Adrenal insufficiency Flashcards
What do glucocorticoids primarily regulate?
Carbohydrate, protein, and fat metabolism, stress response, inflammation.
What do mineralocorticoids primarily regulate?
Electrolyte and fluid balance (mainly sodium and potassium).
What is adrenal insufficiency?
Inadequate production of adrenal hormones — Cortisol, aldosterone, adrenal androgens.
What are the two main types of adrenal insufficiency?
Primary (Addison’s) — adrenal gland destruction
Secondary — inadequate ACTH (e.g. from pituitary suppression)
Common cause of secondary insufficiency?
Long-term corticosteroid use suppressing the HPA axis.
Hormones deficient in Addison’s disease?
Cortisol, aldosterone, adrenal androgens.
What symptoms suggest Addison’s disease?
Fatigue, hyperpigmentation, salt craving, GI symptoms, postural hypotension.
What can precipitate an Addisonian crisis?
Illness, stress, surgery, dehydration, steroid withdrawal.
Symptoms of adrenal crisis?
Shock, hypotension, vomiting, abdominal pain, low GCS, hypoglycaemia.
What is the emergency treatment?
100 mg IM/IV hydrocortisone stat dose
IV fluids (0.9% saline)
Treat underlying cause (e.g., infection)
Then continue hydrocortisone infusion over 24 hrs.

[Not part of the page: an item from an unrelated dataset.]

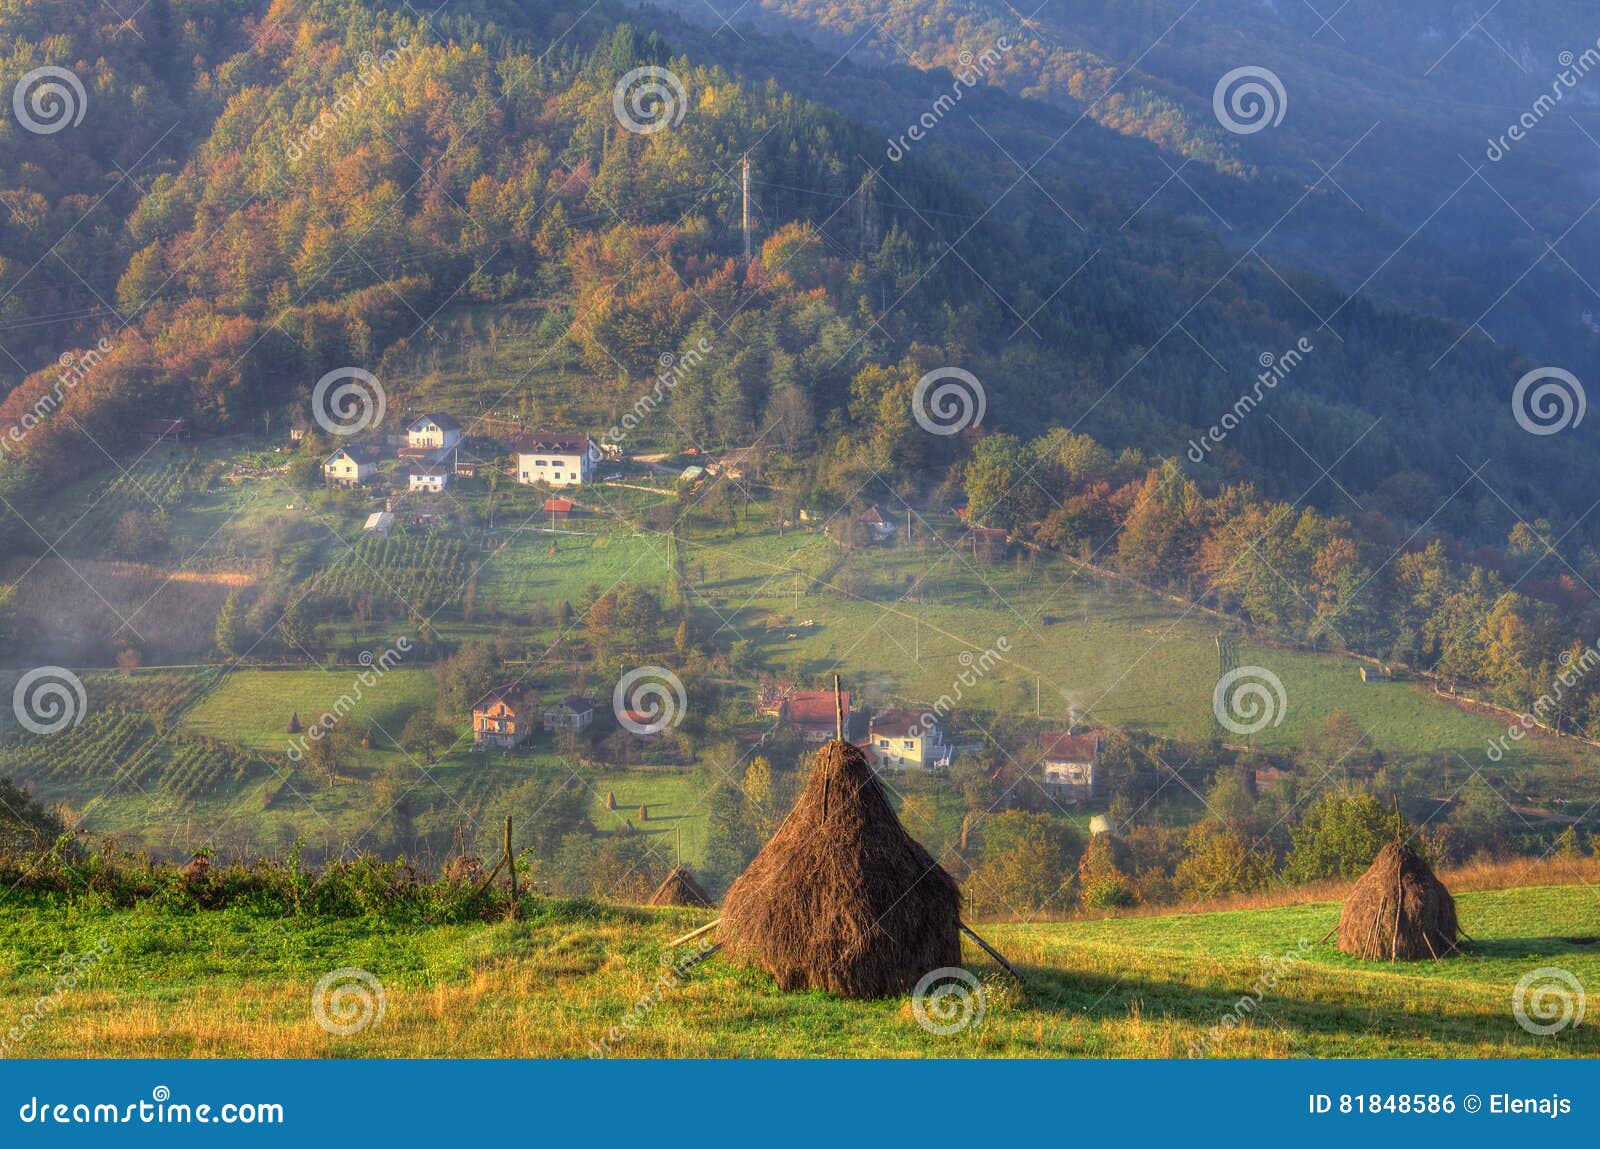 autumn near bajina basta, western serbia
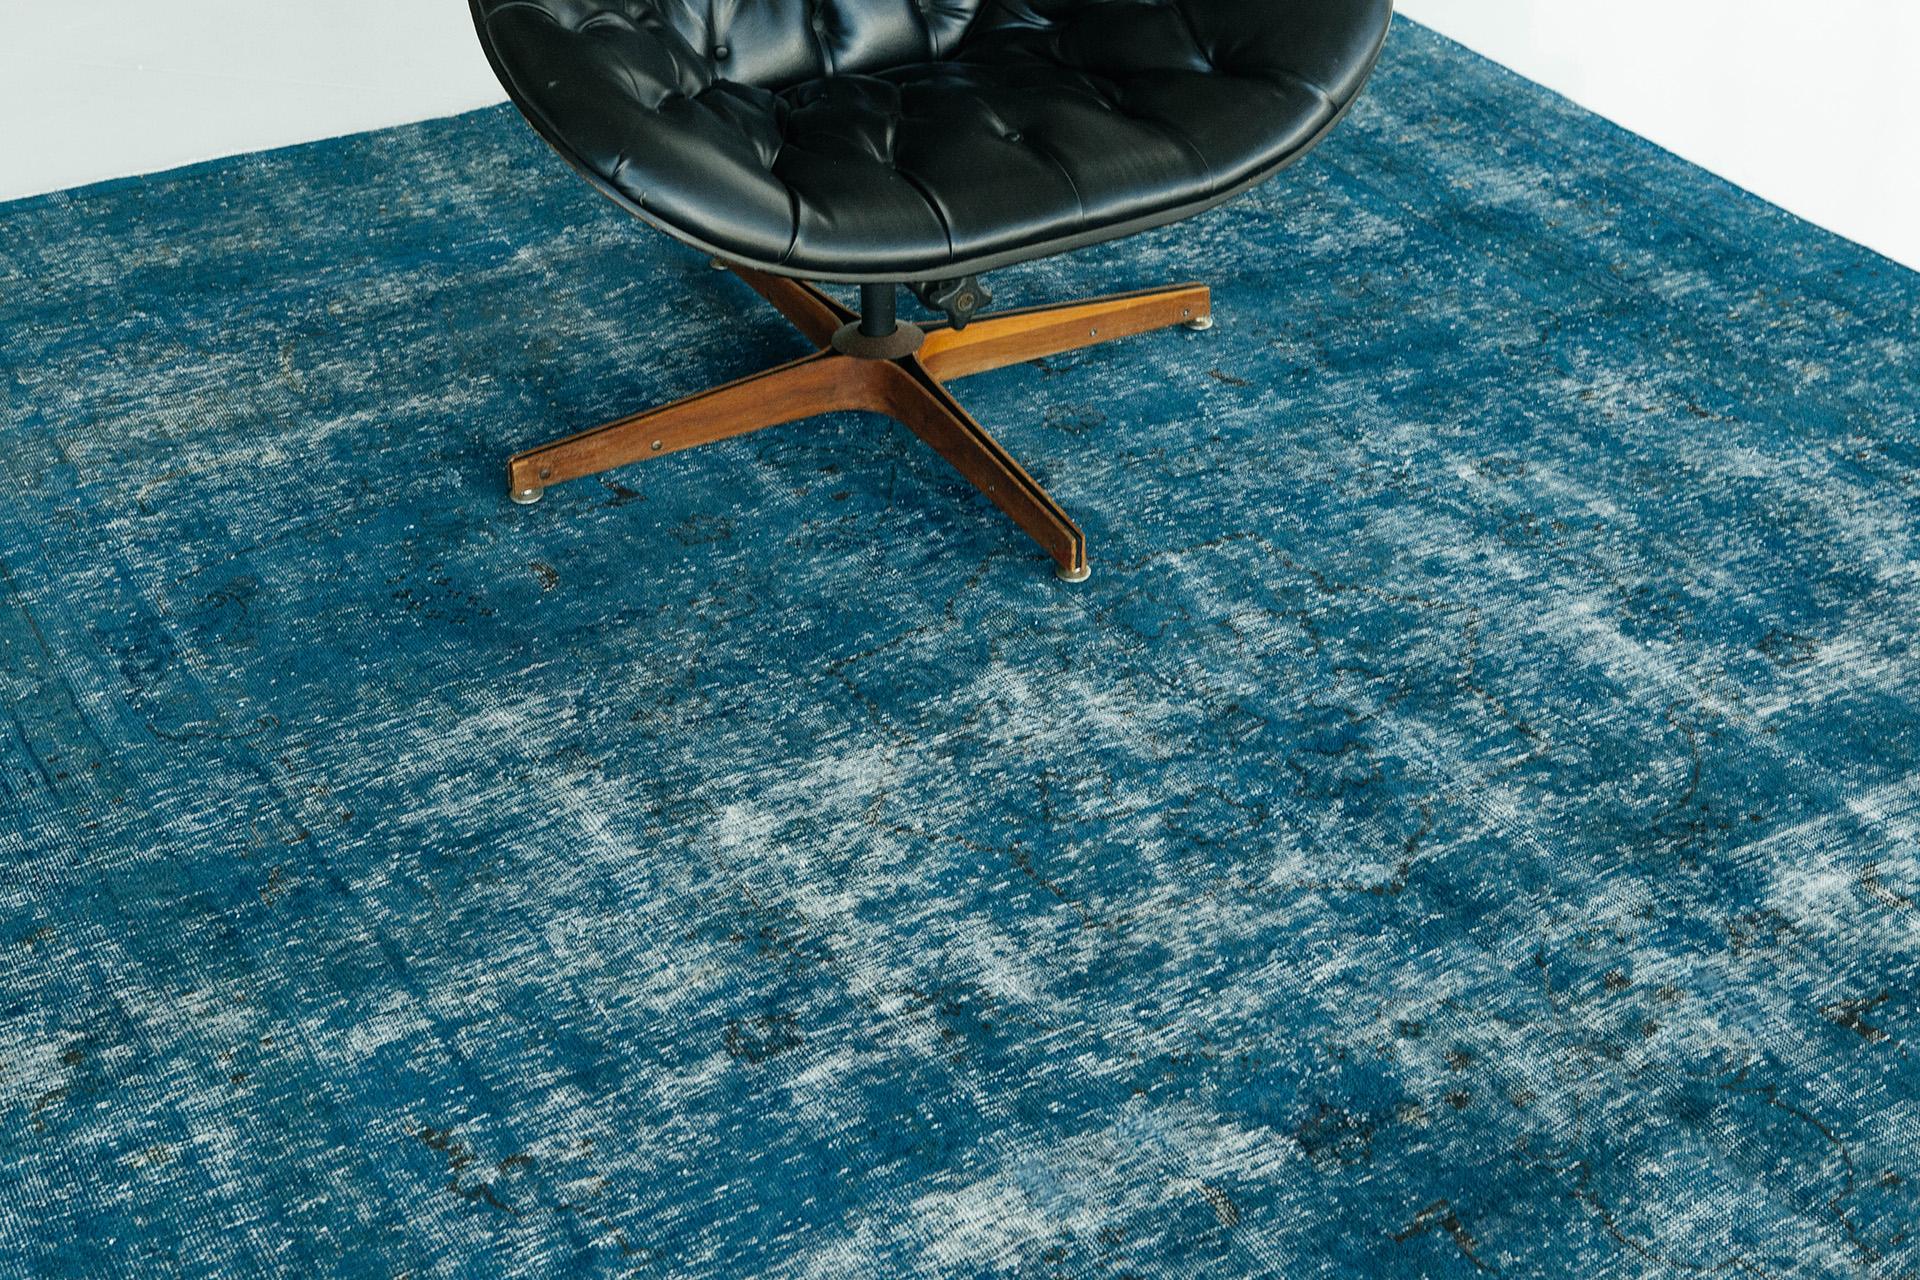 Un tapis de style vintage magnifiquement surteint, profondément saturé dans un ton bleu royal envoûtant. Ce tapis polyvalent ajoutera une touche royale et un attrait extraordinaire à votre espace. Des intérieurs contemporains ou modernes aux

First test if adrenal insufficiency is suspected in adults?
9 am serum cortisol.
What cortisol level suggests adrenal insufficiency?
<100 nmol/L → likely → urgent admission
100–500 nmol/L → refer to endocrinology
What is first-line glucocorticoid replacement?
Hydrocortisone, 15–25 mg/day in divided doses.
What is used for mineralocorticoid replacement?
Fludrocortisone, 50–200 mcg/day.
What should patients carry for emergencies?
Steroid card, MedicAlert, and hydrocortisone injection kit.
What must not be done with long-term steroids?
Sudden withdrawal — taper slowly.
What to do before minor procedures (e.g. dental work)?
Take extra oral glucocorticoid dose before and after.
What are glucocorticoid effects?
Anti-inflammatory, immunosuppressive, metabolic effects.
What are mineralocorticoid effects?
Sodium retention, potassium excretion → fluid retention.
Which steroids are preferred in long-term disease suppression?
Prednisolone, dexamethasone, betamethasone (low mineralocorticoid activity)
Why is hydrocortisone not ideal for long-term suppression?
High mineralocorticoid effect → fluid retention.
Why are some corticosteroids better for topical use?
They have strong local effects and minimal systemic absorption.